Happy to take stab at helping us speak a common language.
I think the term “Tone Mapping” and “Tone Mapping Operator” largely comes from the computer graphics side of the coin whereas in historical terminology the topic as a whole is referred to as “Tone Reproduction” and the “Tone Reproduction Curve”. Where the former is largely used in the context of Image to Image “mapping”: HDR EXR to SDR JPEG for example. Whereas the latter definition is largely used in reference to Scene to Image “reproduction”, where both the Scene and resulting Image have “Tone” or “Tone Scale”, but the objective quality metric is the “reproduction” of “Tone” from one domain to another.
I’m sure you could point out many examples of each term used in an alternative manner, but that’s generally how I would look at it.
The term “Tone” its self is not scientific. There is a reason this does not show up in any color appearance models, nor the CIE Vocabulary (e-ILV | CIE), it is exclusive to the media/imaging community.
I would place the origin of this concept in our community/domain first to Hurter and Driffield and their pioneering work on sensitometry, and later to L.A. Jones for his investigation of Tone Reproduction across the full imaging chain. I’ll leave it to the reader to explore the works of these individuals.

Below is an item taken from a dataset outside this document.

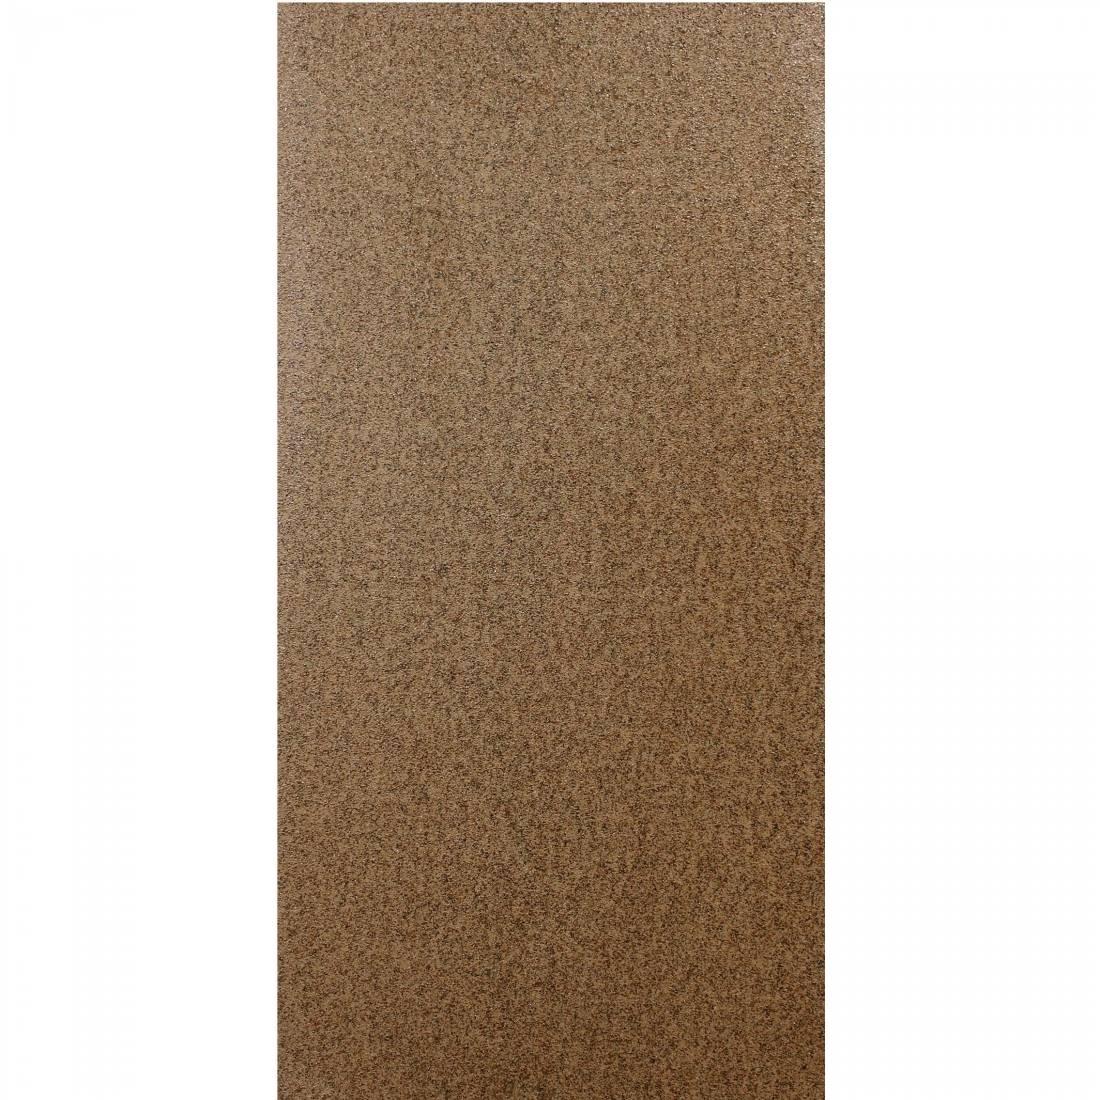 Borsalino 30x60 Brown Matt 1

Specifically with respect to Jones and his 1920 “On the theory of tone reproduction, with a graphic method for the solution of problems” (Redirecting). He defines the problem space as “…the extent to which it is possible by the photographic process to produce a pictorial representation of an object which will, when viewed, excite in the mind of the observer the same subjective impression as that produced by the image formed on the the retina when the object its self is observed…”. He then goes on to say “The proper reproduction of brightness and brightness differences…is of preeminent importance…”. Brightness does have a definition in the color science community, to quote Fairchild “…visual sensation according to which an area appears to emit more or less light”. Jones utilises an explicit simplifying assumption, which I believe is largely implicit in most discussions of “Tone Curves” or “Tone Mapping Operators”. That is, that all objects in the scene are non-selective, and the imaging forming mechanism is also non-selective. Non-selective meaning it absorbs/reflects all incident electromagnetic energy equally. He uses this simplification because “under such conditions values of visual brightness are directly proportional to photographic brightness.”

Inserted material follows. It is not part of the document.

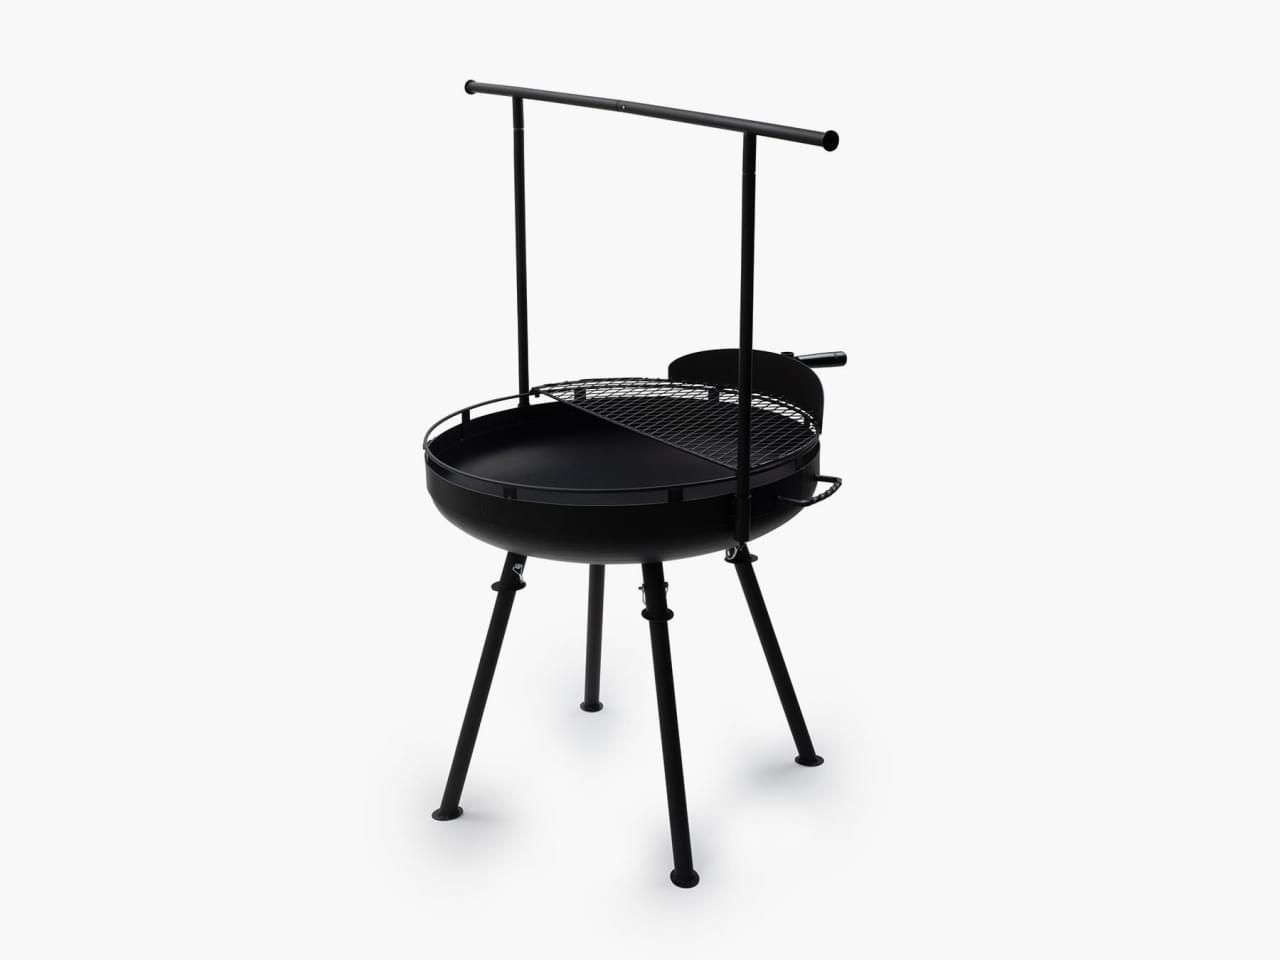 Barebones Barebones Cowboy Fire Pit Grill System Buitenkeuken

There are of course deviations in perceived brightness of the scene and reproduction with respect to many factors, reflective selectivity being one of them, that breaks the simplifying assumption. However, the simplifying assumption is used both for convenience, and to focus analysis on the primary principal component of Image Reproduction, or more specifically Tone Reproduction. With the added assumption that the dominant illuminant in the scene and the image viewing environment is the adopted illuminant, you could call this problem space more specially “Neutral Scale Tone Reproduction”.
All that to say, “Tone Reproduction” is largely focused on the reproduction of Scene brightness (and relative brightness) of non-selective objects onto a non-selective Image medium.
I would argue that the implicit assumption (of neutrality/ non-selectivity) is generally held by most that discuss the topic, and that rather the reference to “Film” is significantly more vague and less defined than “Tone”. “Film” being an incredibly varied and complex quantum mechanical piece of technology with over a century’s worth of innumerable manifestations. “Film” has done many things, from image my teeth at the dentist, help prove Einstein’s general theory of relativity, to being scratched with a knife by an animator and projected.
We would do well to define “Film” in the same rigour as “Tone”, because I don’t believe the objective here is to emulate a single batch of a single brand of photo-chemical film processed on a certain day.